Senryū

Senryū (川柳, literally 'river willow') is a Japanese form of short poetry similar to haiku in construction: three lines with 17 morae (or "on", often translated as syllables, but see the article on onji for distinctions). Senryū tend to be about human foibles while haiku tend to be about nature, and senryū are often cynical or darkly humorous while haiku are more serious. Unlike haiku, senryū do not include a kireji (cutting word), and do not generally include a kigo, or season word.[1][2]

Form and content

Senryū is named after Edo period haikai poet Senryū Karai (柄井川柳, 1718-1790), whose collection Haifūyanagidaru (誹風柳多留) launched the genre into the public consciousness. A typical example from the collection:

泥棒を dorobō o
捕えてみれば toraete mireba
我が子なり wagako nari

When I catch,
The robber,
my own son

This senryū, which can also be translated "Catching him / you see the robber / is your son," is not so much a personal experience of the author as an example of a type of situation (provided by a short comment called a maeku or fore-verse, which usually prefaces a number of examples) and/or a brief or witty rendition of an incident from history or the arts (plays, songs, tales, poetry, etc.). In this case, there was a historical incident of legendary proportion.

Some senryū skirt the line between haiku and senryū. The following senryū by Shūji Terayama copies the haiku structure faithfully, down to a blatantly obvious kigo, but on closer inspection is absurd in its content:

かくれんぼ kakurenbo
三つ数えて mittsu kazoete
冬になる fuyu ni naru

Hide and seek
Count to three
Winter comes

Terayama, who wrote about playing hide-and-seek in the graveyard as a child, thought of himself as the odd one out, the one who was always "it" in hide-and-seek. Indeed, the original haiku included the theme "oni" (the "it" in Japanese is a demon, though in some parts a very young child forced to play "it" was called a "sea slug" (namako)). To him, seeing a game of hide-and-seek, or recalling it as it grew cold would be a chilling experience. Terayama might also have recalled opening his eyes and finding himself all alone, feeling the cold more intensely than he did a minute before among other children. Either way, any genuinely personal experience would be haiku and not senryū in the classic sense. If you think Terayama's poem uses a child's game to express in hyperbolic metaphor how, in retrospect, life is short, and nothing more, then this would indeed work as a senryū. Otherwise, it is a bona-fide haiku. There is also the possibility that it is a joke about playing hide and seek, only to realize (winter having arrived during the months spent hiding) that no one wants to find you.
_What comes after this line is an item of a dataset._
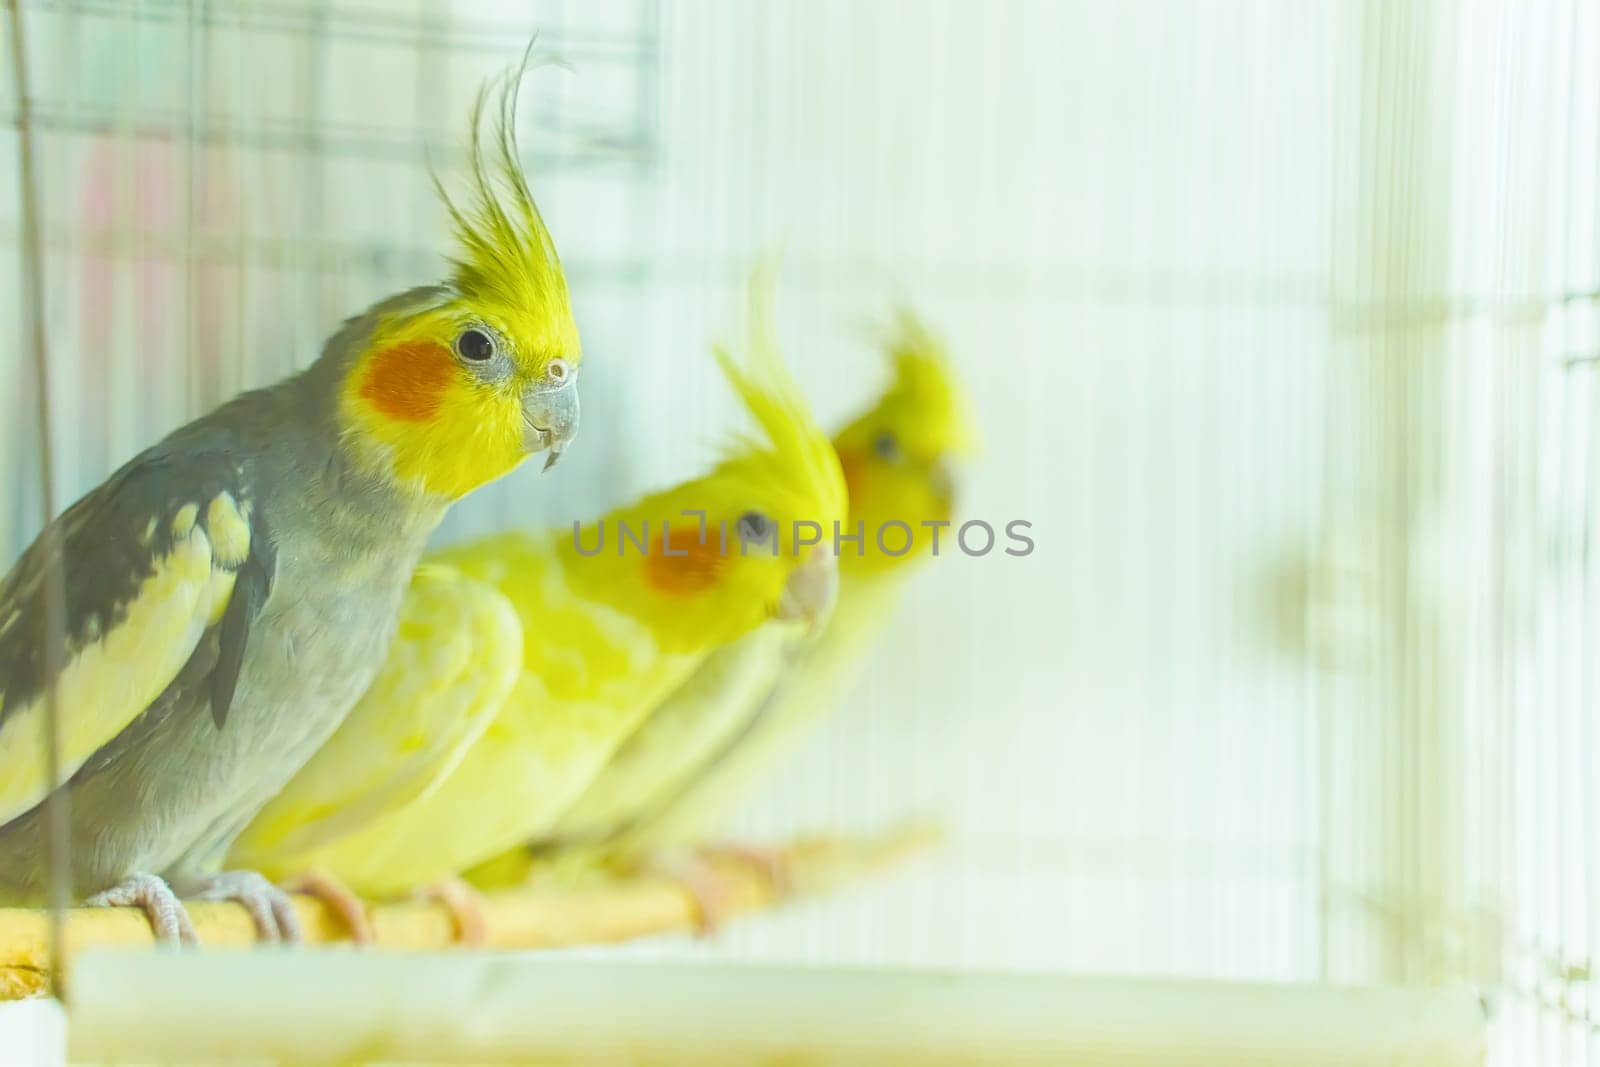 Group of parrot corrals sit and swing in a cage

English-language senryū publications

In the 1970s, Michael McClintock edited Seer Ox: American Senryu Magazine. In 1993, Michael Dylan Welch edited and published Fig Newtons: Senryū to Go, the first anthology of English-language senryū.[3]

Additionally, one can regularly find senryū and related articles in some haiku publications. For example:

Senryū regularly appear in the pages of Modern Haiku, Frogpond, Tundra, and other haiku journals, often unsegregated from haiku.

Senryū awards

The Haiku Society of America holds the annual Gerald Brady Memorial Award for best unpublished senryū.[4]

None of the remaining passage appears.